WASHINGTON, Nov. 10 /PRNewswire-USNewswire/ -- Medicaid Health Plans of America (MHPA), the leading trade association solely focused on representing Medicaid health plans, today joined the chorus of noted organizations calling on the United States Congress to pass an economic stimulus package this session that includes additional funding for Medicaid.
In a letter sent to Senators Harry Reid and Mitch McConnell, Speaker Nancy Pelosi and Representative John Boehner, MHPA echoed the call by the National Governors Association to temporarily enhance the Federal Medical Assistance Percentage (FMAP) for at least two years. In the November 6th letter, MHPA's Executive Director Thomas L. Johnson stated his support of the economic recovery package explaining that "Funding for FMAP is a particularly effective tool because it allows states to eliminate planned budget cuts required to meet balanced budget requirements and continue services for those with the greatest need." Mr. Johnson went on to explain that the Kaiser Family Foundation recently issued a report showing that as the country faces another economic downturn, many states are scrambling to deal with the impact of poor economic conditions on programs, like Medicaid and the State Children's Health Insurance Program (SCHIP), that are reliant on state funding.
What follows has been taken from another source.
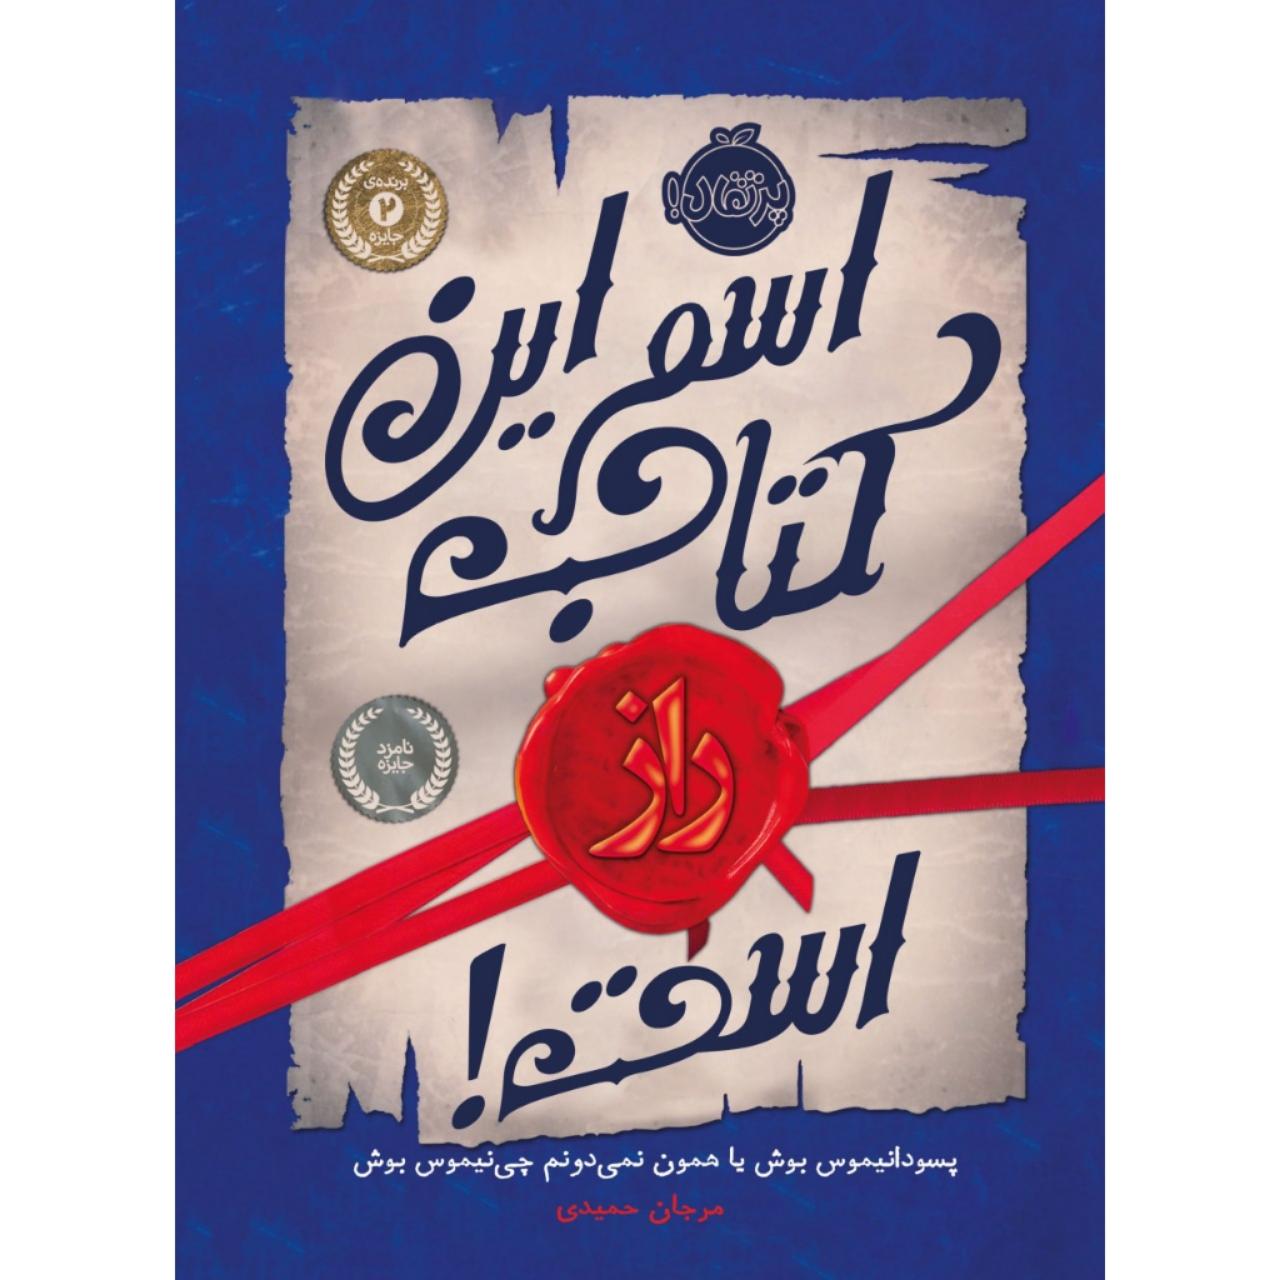 خرید                      کتاب اسم این کتاب راز است اثر پسودانیموس بوش انتشارات پرتقال

"To be better able to cope, states are looking for fiscal relief from the federal government," states Johnson. "The Kaiser report specifically noted that a one percent rise in the nation's unemployment rate is projected to increase the number of uninsured by 1.1 million and result in an additional 1 million (600,000 children and 400,000 adults) enrolling in Medicaid, increasing state Medicaid spending by $1.4 billion at a time when their tax revenues would fall by three to four percent."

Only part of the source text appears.